Ventricular Fibrillation Complicating Acute Myocardial Infarction: Materials and Methods

Selection of Patients
From the initial population studied, 35 were excluded because of the presence of other factors known to predispose or to be associated with ventricular arrhythmias. The criteria for exclusion that were applied (developed prior to the examination of the patients data) were as follows: (a) patients treated with group 1 antiarrhythmic drugs, digoxin, amiodarone, or sympathomimetic drugs prior to the onset of VF, with or without prolonged Q-Tc interval; (b) patients with previously known ischemic cardiomyopathy, ventricular arrhythmias, congestive heart Mure, or left ventricular aneurysm; (c) patients with serum potassium concentration of less than 3.5 mmol/L or more than 5.5 mmol/L (samples of blood were taken on admission); (d) patients with severe hypotension or cardiogenic shock; (3) patients with catheter-induced VF; and (f) patients in whom stages of AMI could not be recognized (complete left bundle-branch block, etc).

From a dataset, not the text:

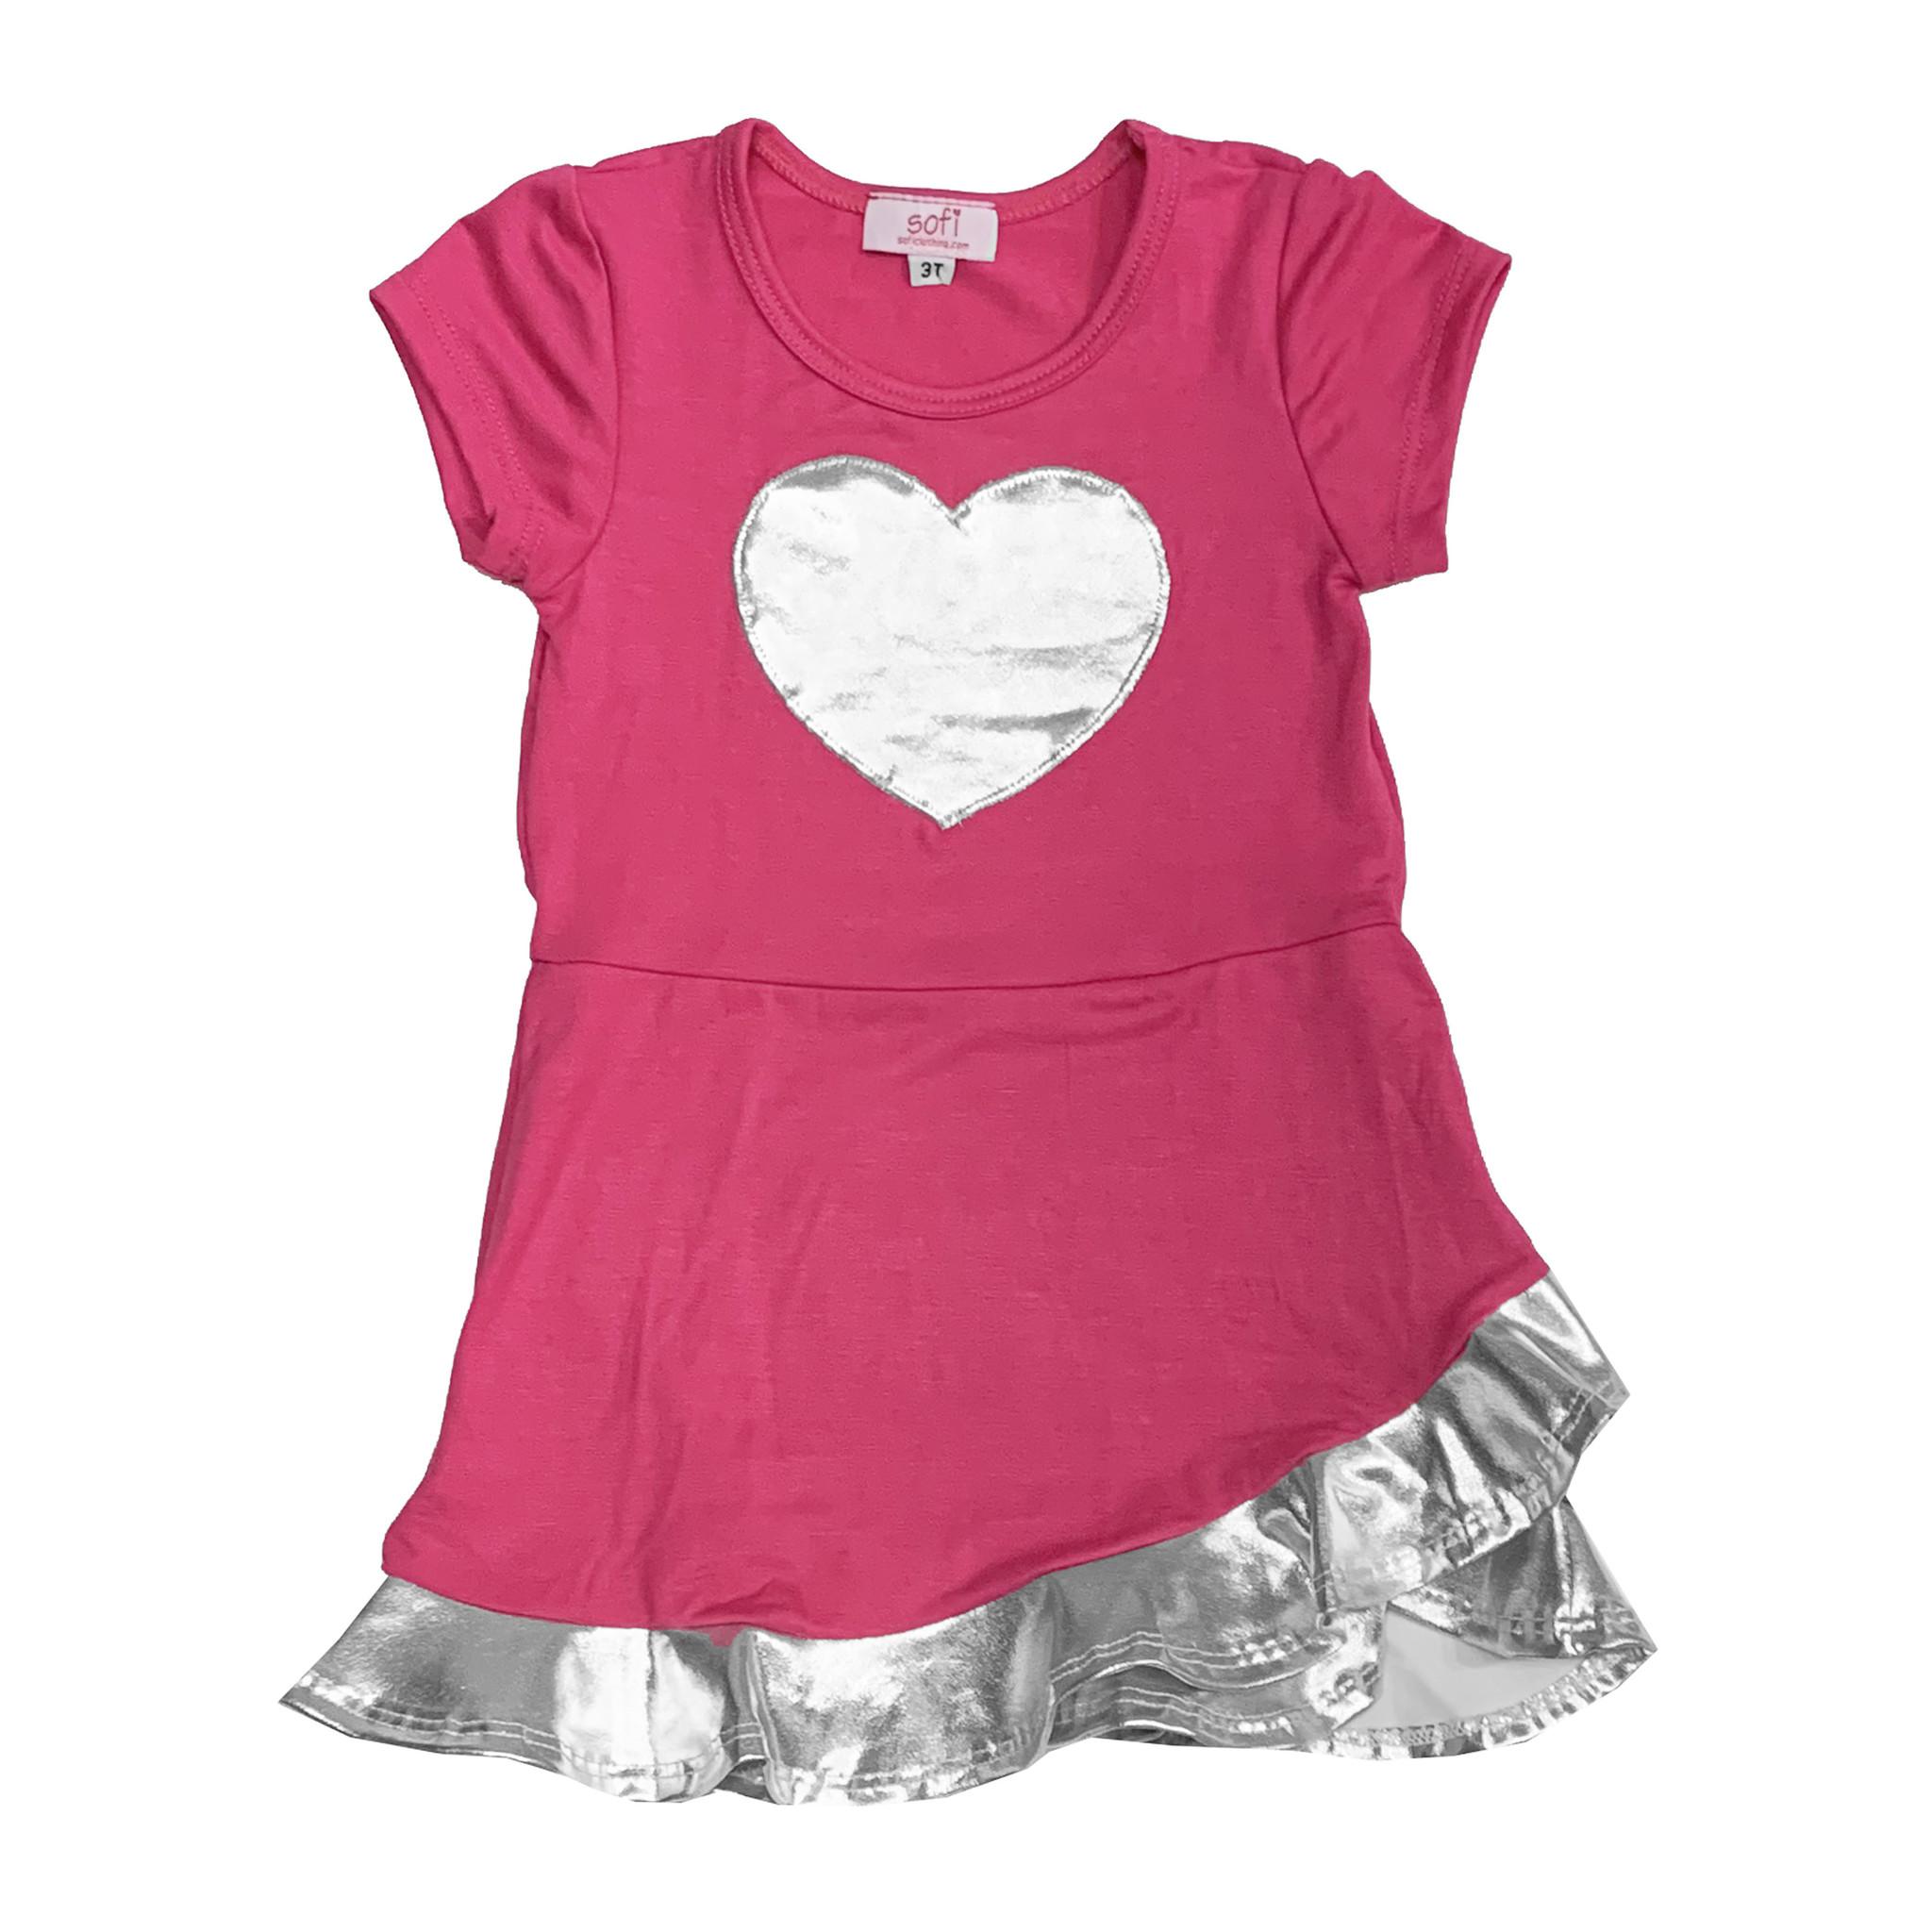 Sofi Short Sleeve Pink & Silver Ruffle Dress

The remaining 34 patients who fulfilled the criteria for entry into the study were divided to two groups: (1) group 1 consisted of seven patients with fast disorganized ventricular activity, small voltage (<10 mm), an irregular, nonunifbrm undulated tracing, and no clear identifiable QRS complex (fine VF) (Fig 1); and (2) group 2 consisted of 27 patients with fast ventricular activity (>300/min), multiform QRS configuration with marked changes in the amplitude, and twisting axis (polymorphous or coarse VF) (Fig 2). Rhythm strips of VF were analyzed by two observers at an identical time three seconds from the beginning of VF. cheap-asthma-inhalers.com
Statistical Analysis
All data are presented as the mean ± standard deviation. The Fischer test was used in order to find statistical differences between the two groups. A level less than 0.05 was considered statistically significant.

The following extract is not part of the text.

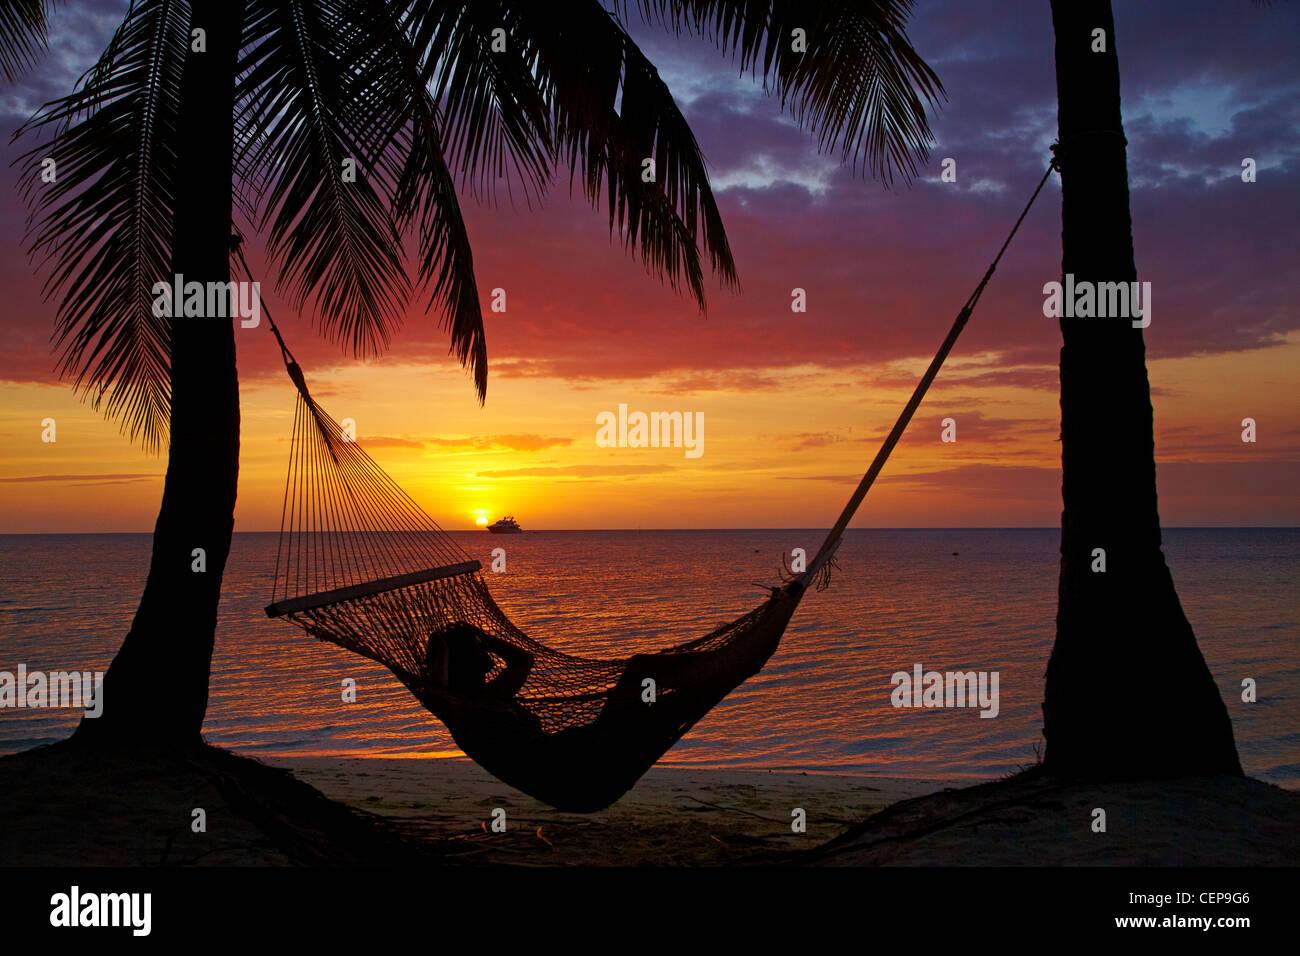 Hammock and sunset, Plantation Island Resort, Malolo Lailai Island, Mamanuca Islands, Fiji, South Pacific - Stock Image

Figure 1. Example of type 1 VF in patient with inferior wall infarction (patient 1; Table 1). A. Electrocardiogram on admission (leads 2, 3, and aVF), demonstrating stage 1 of inferior wall infarction with minimal Q waves (<2 mm). B. Type 1 VF (fine VF). C. Two hours later. Stage 3 of inferior wall infarction is observed.

Figure 1. Example of type 1 VF in patient with inferior wall infarction (patient 1; Table 1). A. Electrocardiogram on admission (leads 2, 3, and aVF), demonstrating stage 1 of inferior wall infarction with minimal Q waves (<2 mm). B. Type 1 VF (fine VF). C. Two hours later. Stage 3 of inferior wall infarction is observed.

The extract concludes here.